Кнут молчал, глядя перед собой и посекундно вспоминая всё, что постиг в тот раз, со своей первой женщиной. Он не хотел разделять эту радость воспоминаний от прикосновений к женскому телу с Констаном. Он нарочно дразнил его, делясь историями с мужчинами. Он хотел видеть его опустошенным, тихим, сдавшимся, опустившим руки перед судьбой. Брюннер доказывал самому себе и Всевышнему, а главное – Дюмелю: что вскрывается, долго держащееся в глубинах, то причиняет боль – тайное сокровенное, даже лично счастливое, может обернуться против самого его хранителя. Кажется, чем дальше заходит эта игра, тем становится интереснее и забавнее, правда, только ему одному, Брюннеру. Констан сидит притихший, будто смиренно ждет своего смертного часа, и не понимает, не хочет, не желает, не допускает мысли, что он, Кнут, не желает ему ничего плохого. По крайней мере, сейчас. Манера его общения, видимо, непривычна и чужда молодому священнику, но ничего, после сегодняшнего дня, такого неожиданного и насыщенного для Дюмеля, он должен понять, что до него хотели донести.

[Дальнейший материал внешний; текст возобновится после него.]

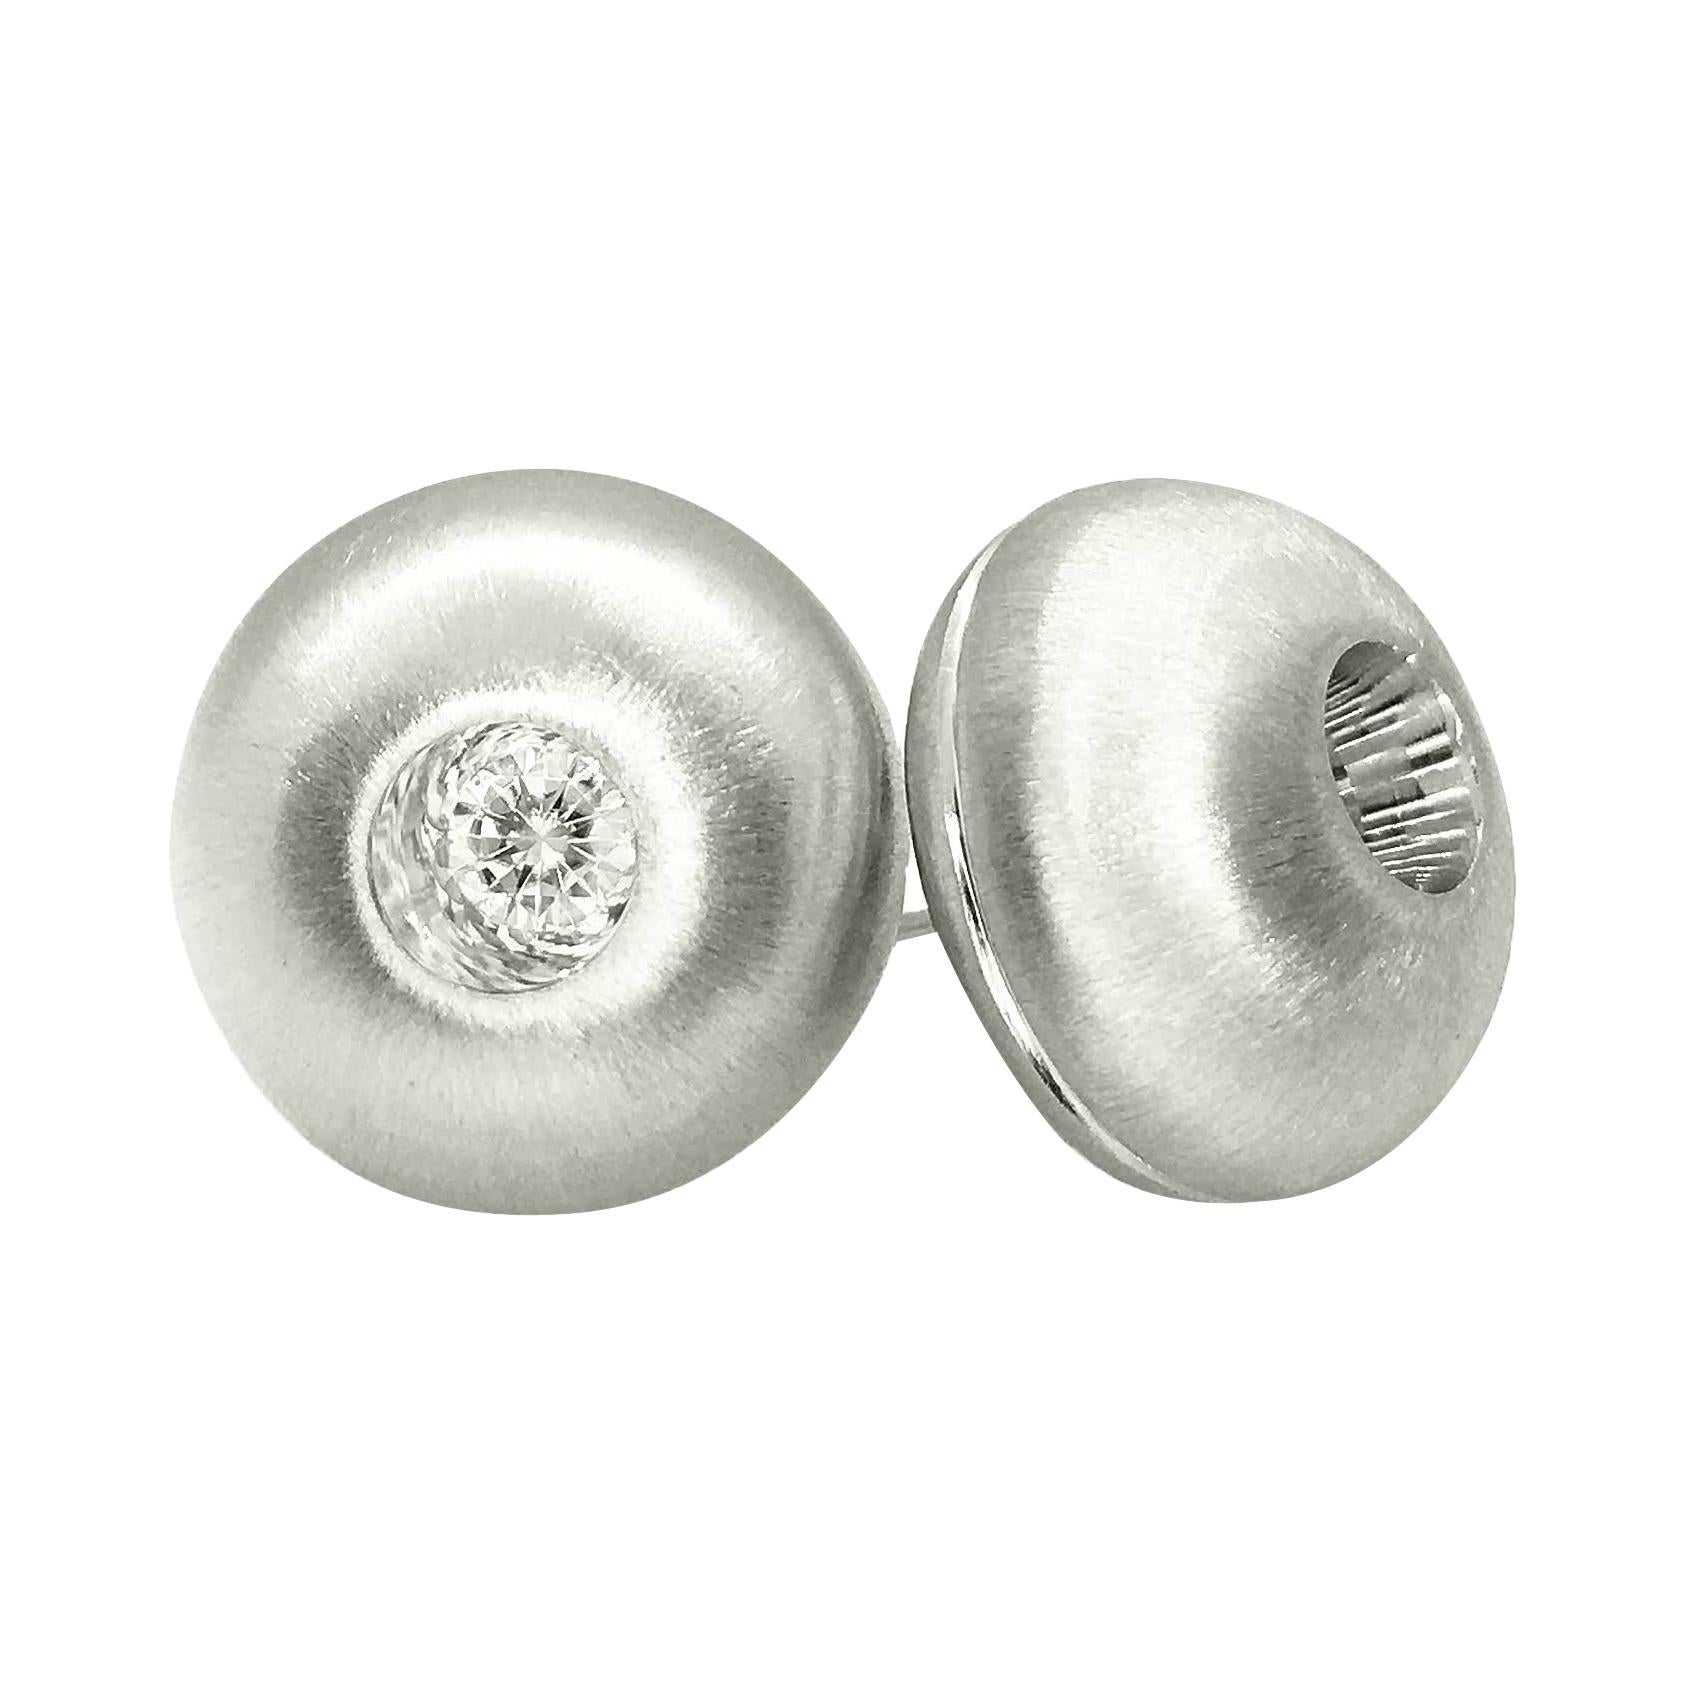 brushed finish handmade from scratch Round domed silver stud earrings sterling silver
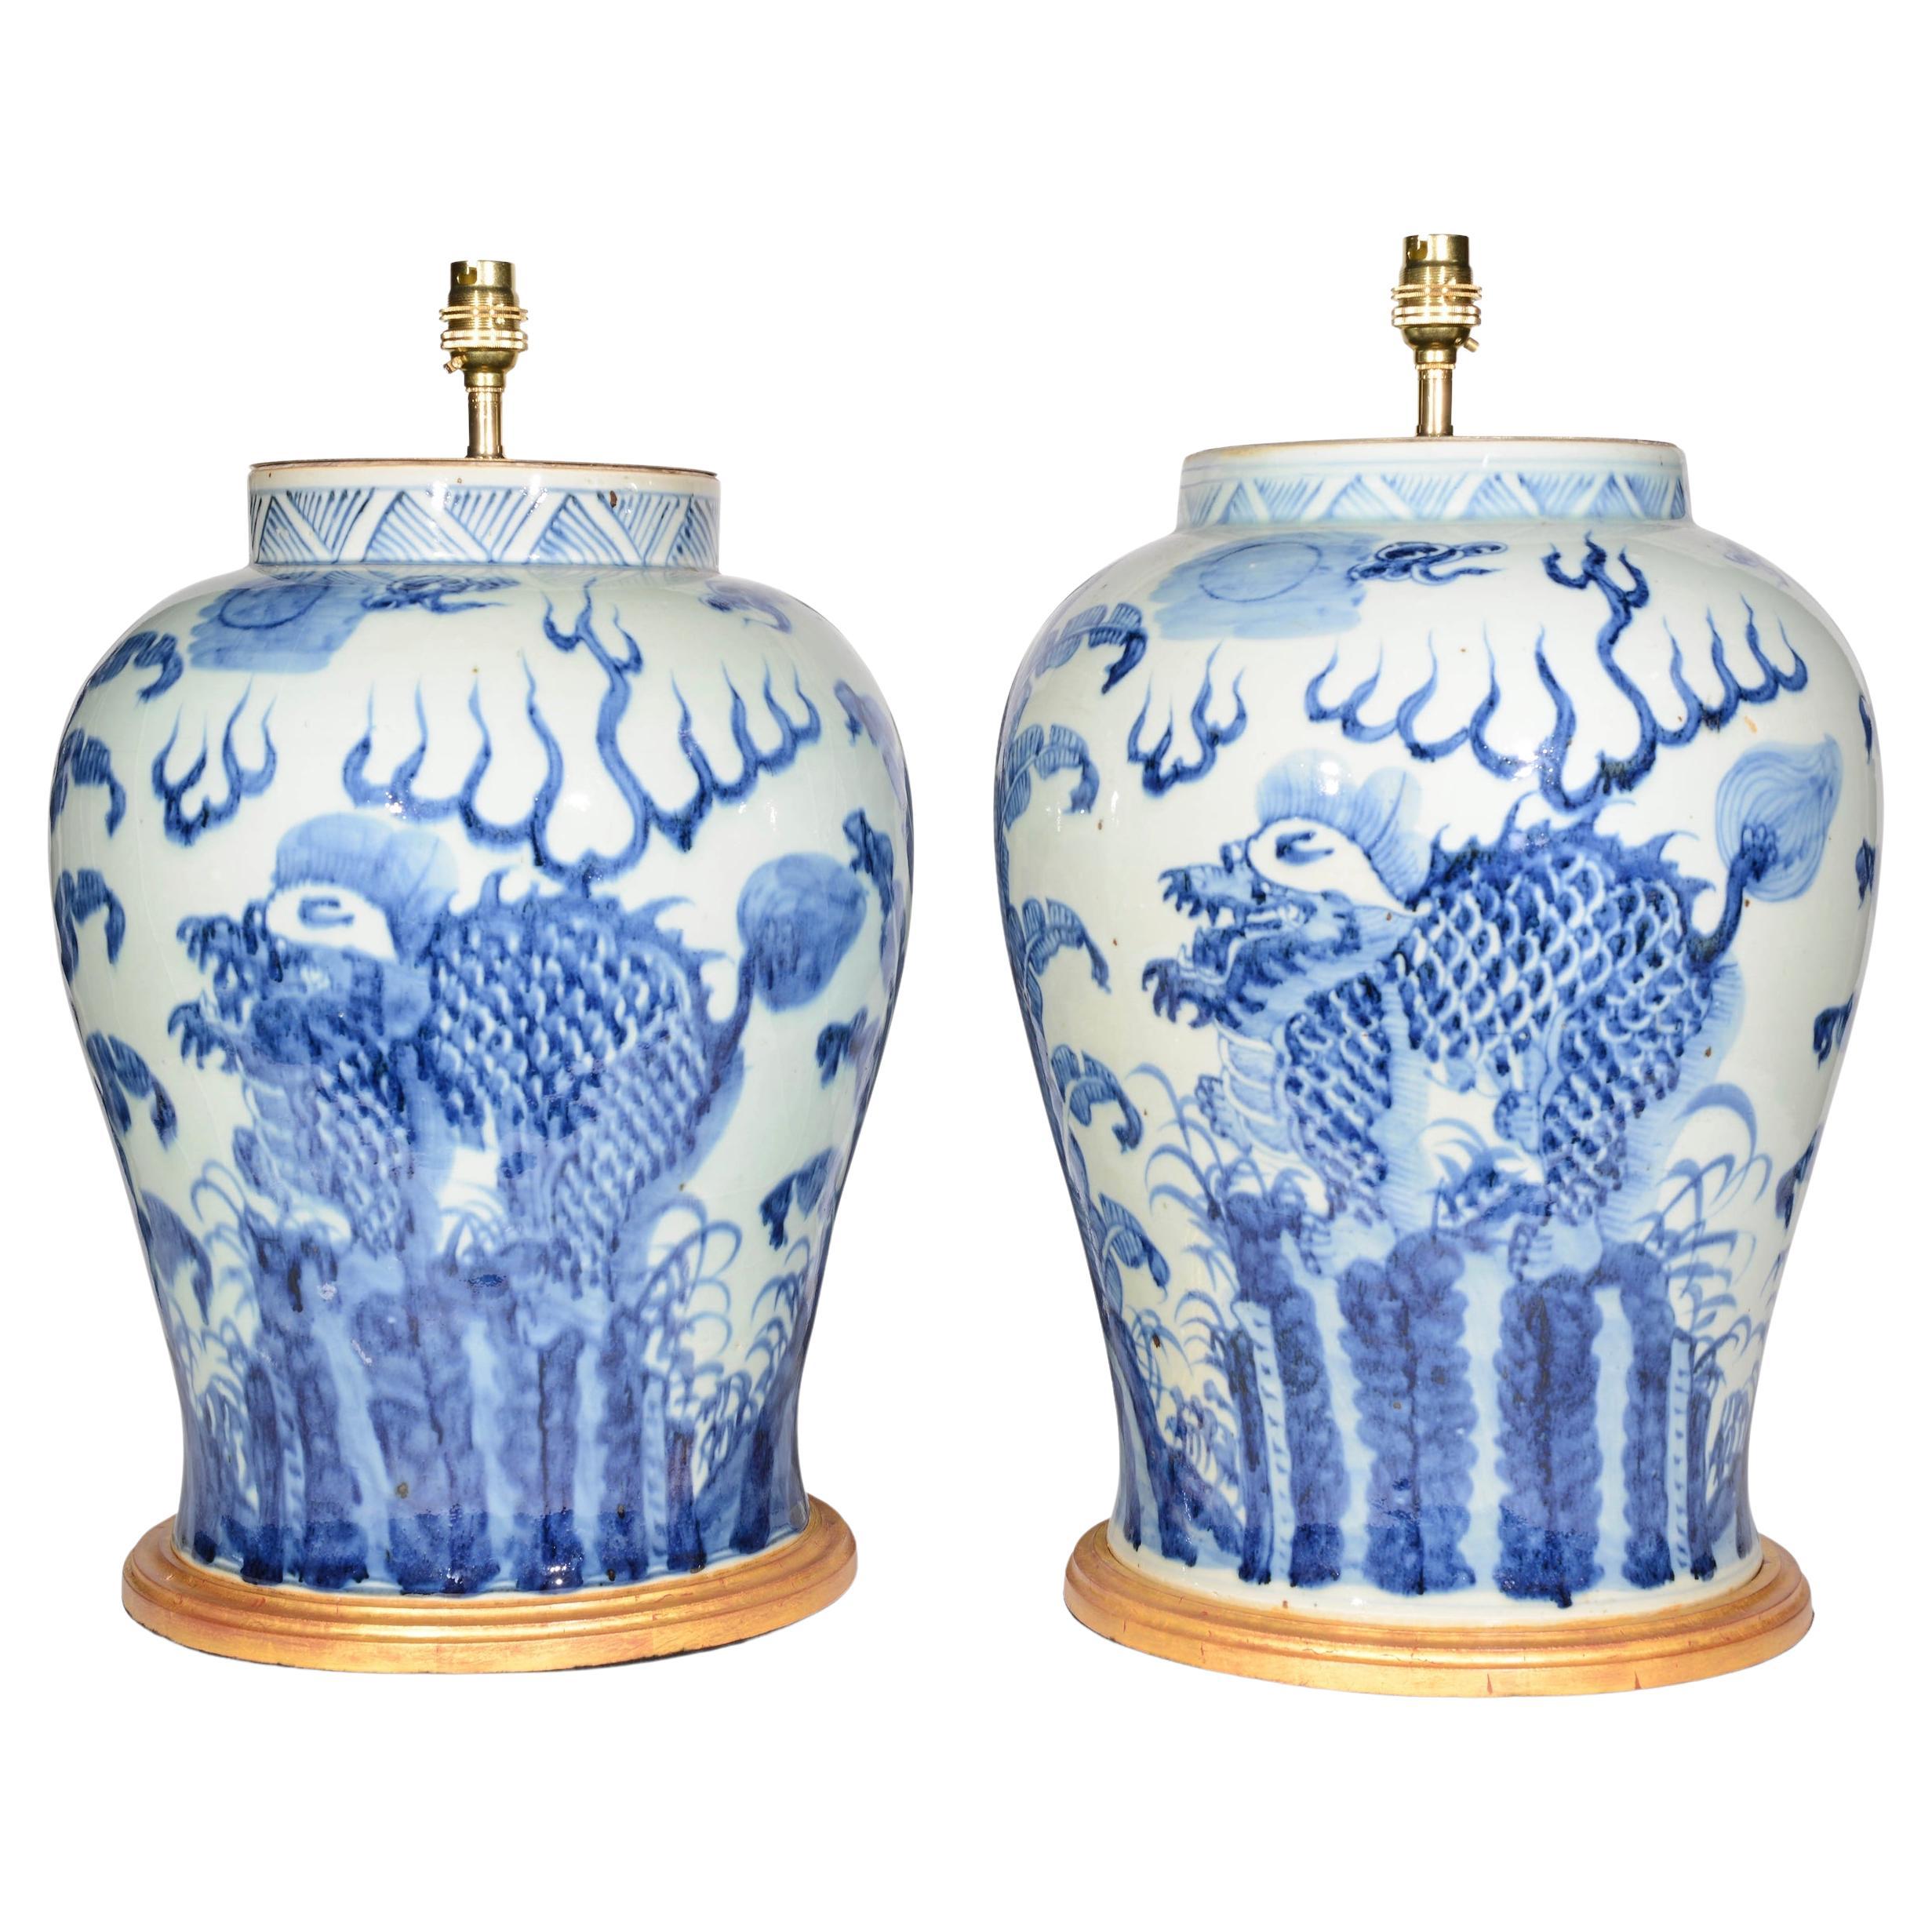 Large Pair of 20th Century Chinese Blue and White Porcelain Table Lamps

– У меня было много мужчин и женщин, однако постоянного партнера у меня нет. Мне со всеми было хорошо. Но в тот вечер я понял, что мужские и женские тела несравнимы, – продолжил Кнут, вздохнув. – Нельзя выбрать, какое и в чем лучше. В каждом есть что-то потаенное, личное, непохожее, но они оба приятны на ощупь и вкус. Как человек чувствует, так он и общается с этим миром, так он и преподносит любовь, одаривает вниманием. У женщин есть то, чего нет у мужчин. У мужчин – чего нет у женщин. Но у тех и у других есть душа, есть чувства, есть личность, и эти личности по-разному испытывают телесное притяжение и сближение. Вы ведь не можете не согласиться с этим, мсье священник?
Вновь издевка. Лучше убей, пронеслось молнией в мыслях Констана. Умертви на месте, сейчас. Прекрати эту затянувшуюся игру, превратившуюся в мучение…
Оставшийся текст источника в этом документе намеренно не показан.